According to the authors, the use of GeCl₂ avoided the over-reaction observed when SnCl₂ was used instead. The authors draw attention to the order of addition, which proved to be very important. The bromoaldehyde should be added last, since lower yields were obtained when it was premixed with GeCl₂. The addition of Bu₄NBr as an additive increased the yields dramatically, and in some cases a higher amount of this salt increased the diastereoselectivity as well. The Baba group performed an intramolecular reaction using this procedure. The use of Germanium (II) to generate the aldehyde enolate under mild, non-basic conditions via metal-halogen exchange is related to the Reformatsky reactions of bromoesters.

Scheme 8 - Plausible reaction course and pathways for undesired side-reactions proposed by the Baba group.

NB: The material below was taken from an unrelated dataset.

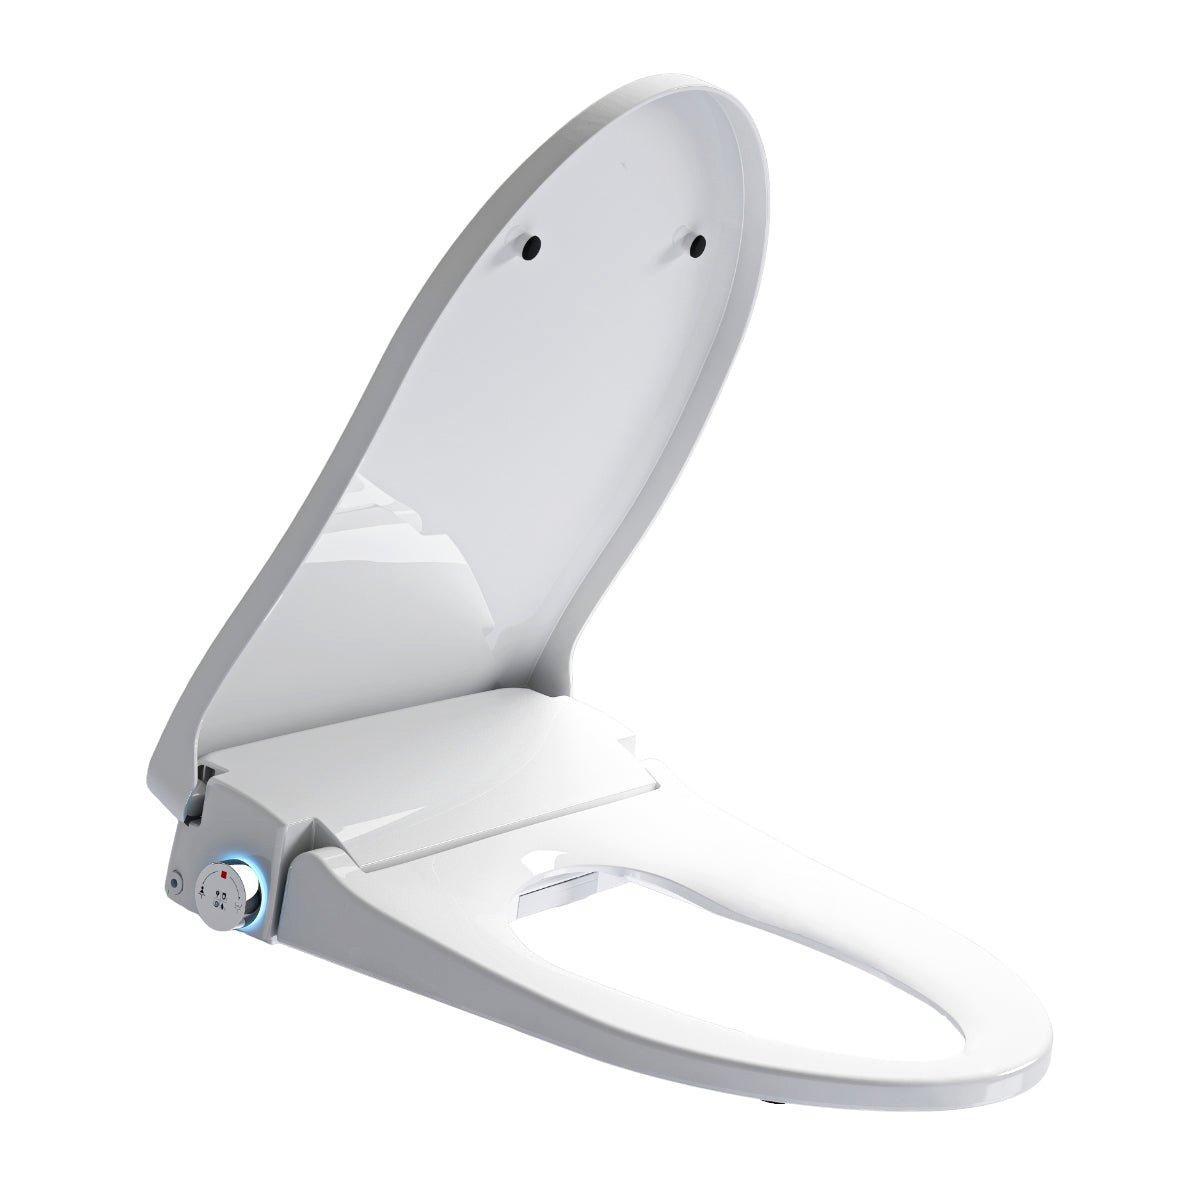 Ener-J Smart Toilet Seat Cover

A one pot synthesis was also realised, where a bromination followed by a reductive cross-aldol reaction afforded the desired adduct in 65% yield and a syn:anti ratio of 83:17.

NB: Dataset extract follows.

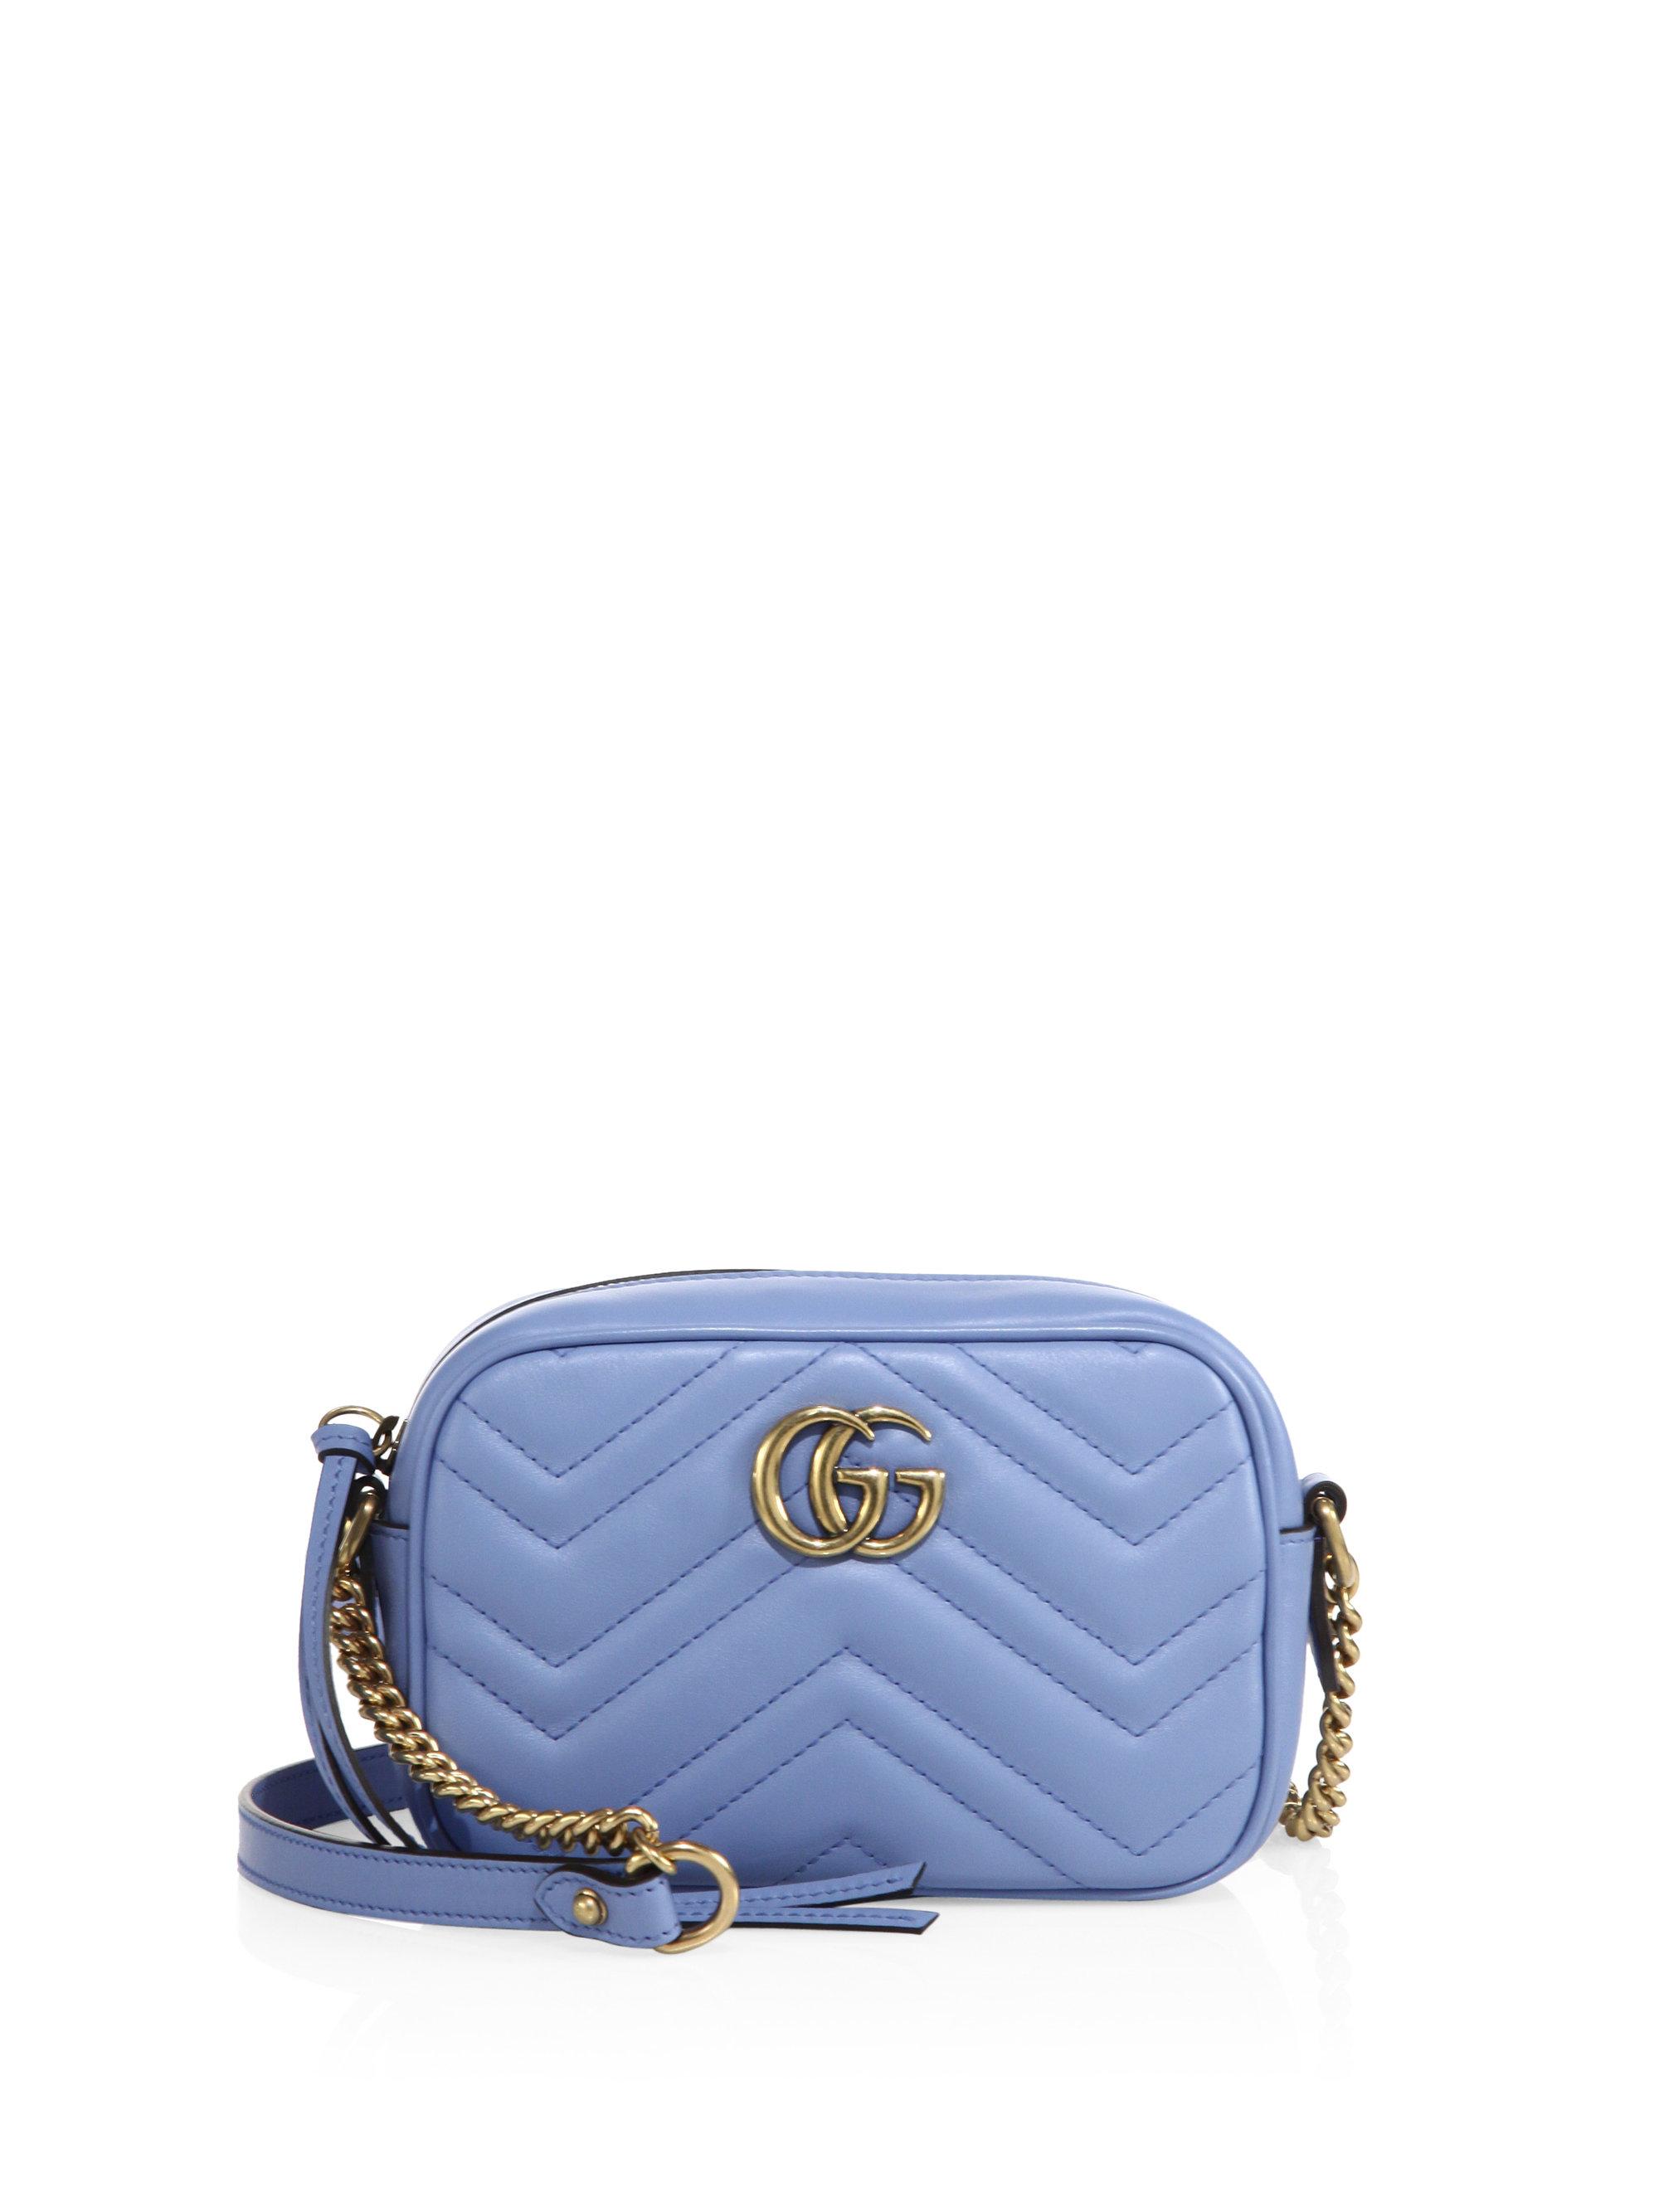 Gucci Mini Chevron Leather Camera Bag in Blue | Lyst

The Baba group proposed a plausible reaction course (Scheme 8). Once the germanium enolate 19 forms, it adds to aldehyde 20 resulting in 21. The effect of Bu₄NBr is explained as playing the role of a ligand to the germanium centre, which increases the nucleophilicity of 19. The major product is the syn-adduct, which they propose is formed via an acyclic transition state. Scheme 8 also shows the undesired reactions that might occur. It is important to emphasise that germanium oxide 21 does not participate in further nucleophilic additions.

V. Summary

The cross-aldol reaction of aldehydes constitutes a formidable synthetic challenge for chemists. Over the last five years, several groups have made strong contributions to the development of efficient and elegant procedures that permit access to important synthons in polyol natural products. Some of the more impressive achievements have been reviewed in this highlight.